Minecraft shaders are a fantastic way to improve the game's visuals by introducing various lighting, color, and post-processing effects. However, shaders do come with a performance impact, especially graphically intense shaders, which can really bog down a player's CPU/GPU processing power. Fortunately, there are more than a few shaders that can run well without much performance loss.
If players are struggling with performance issues when installing Minecraft shaders, they may not be looking for the right ones. With that in mind, here are some of the best performance-friendly shaders available after the 1.21/Tricky Trials update.
NOTE: This article is subjective and reflects the writer's opinion.
Five of the best performance shaders for Minecraft 1.21
1) MakeUp - Ultra Fast
When these Minecraft shaders claim to be Ultra Fast, they mean it. MakeUp's Ultra Fast shaders introduce several visual effects including dynamic shadows, volumetric clouds, depth of field, anti-aliasing, motion blur, and water reflection/refraction, all without hampering a player's device performance-wise. Moreover, the various features of this shader pack can be enabled/disabled as needed.
Even better, this set of shaders provides the ability to alter the game's color scheme without directly changing the in-game textures.
2) Miniature Shader
This set of Minecraft shaders doesn't have some of the heavy-duty post-processing effects that many of its counterparts do, but that's a positive for players on lower-end hardware. It improves emissive lighting, adds blocky shadows, and adds reflections to some surfaces like water and ice without saddling players' CPUs/GPUs with too many effects to render.
All in all, Miniature Shader won't create drop-dead gorgeous visuals, but it will improve them and keep the game's core aesthetic intact.
3) Mellow
Complete with lightmapped shadows, ambient and border fog, bloom, realistic clouds, custom water with reflections, and adjustable light colorations, Mellow is simultaneously graphically pleasing and lightweight among Minecraft shaders. Mellow aims to be rich in color palette while being built from the bottom up for lower-end hardware.
Even as a low-end shader, the visuals that can be created by Mellow are very impressive, and can certainly live up to their name by producing a calming effect.
4) Bloop Shaders
For a variable shader that can suit a wide variety of hardware configurations, Bloop Shaders may be worth using in Minecraft. This shader set comes with multiple performance profiles that are pre-adjusted for high-end and low-end hardware. Moreover, players can fine-tune their settings to suit their graphical and performance preferences.

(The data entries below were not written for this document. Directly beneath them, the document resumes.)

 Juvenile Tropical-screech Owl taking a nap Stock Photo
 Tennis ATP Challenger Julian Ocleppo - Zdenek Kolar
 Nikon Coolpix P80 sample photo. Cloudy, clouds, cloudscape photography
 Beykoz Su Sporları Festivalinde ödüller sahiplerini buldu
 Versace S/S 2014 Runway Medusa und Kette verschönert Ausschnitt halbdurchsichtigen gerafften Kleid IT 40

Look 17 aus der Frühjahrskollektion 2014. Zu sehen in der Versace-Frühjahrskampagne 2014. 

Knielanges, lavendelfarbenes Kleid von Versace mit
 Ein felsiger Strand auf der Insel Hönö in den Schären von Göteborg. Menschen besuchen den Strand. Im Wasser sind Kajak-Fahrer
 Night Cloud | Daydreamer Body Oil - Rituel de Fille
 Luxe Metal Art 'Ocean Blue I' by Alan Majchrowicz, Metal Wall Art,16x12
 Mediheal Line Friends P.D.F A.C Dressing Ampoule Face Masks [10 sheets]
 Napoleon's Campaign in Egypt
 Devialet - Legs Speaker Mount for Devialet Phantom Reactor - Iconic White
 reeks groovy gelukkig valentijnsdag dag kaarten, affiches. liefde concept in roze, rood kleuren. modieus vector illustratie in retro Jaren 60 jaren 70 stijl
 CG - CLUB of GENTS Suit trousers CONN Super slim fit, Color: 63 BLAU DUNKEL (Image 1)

Bloop Shaders have been tested on integrated graphics setups just as they have on high-end graphics cards, and have proven to inflict very little performance change at all. So players should have very few issues with these shaders once they've found the right settings for them.
5) RenderPearl
Offering customizable lighting and shadow effects, RenderPearl introduces pleasing graphical improvements while ensuring that they don't inflict a sizable performance impact. This is achieved by automatically disabling the rendering of certain effects when they aren't relevant, ensuring players have enough resources on their platform to continue running the game smoothly.
The visuals are pretty realistic all things considered. Since this shader pack has only been tested on the Windows OS with Nvidia graphics cards, there may be unexpected glitches or issues when used with certain configurations. Still, this set of shaders does a great job at delivering great on-screen visuals while keeping the game running well by omitting the rendering of visuals the player won't see.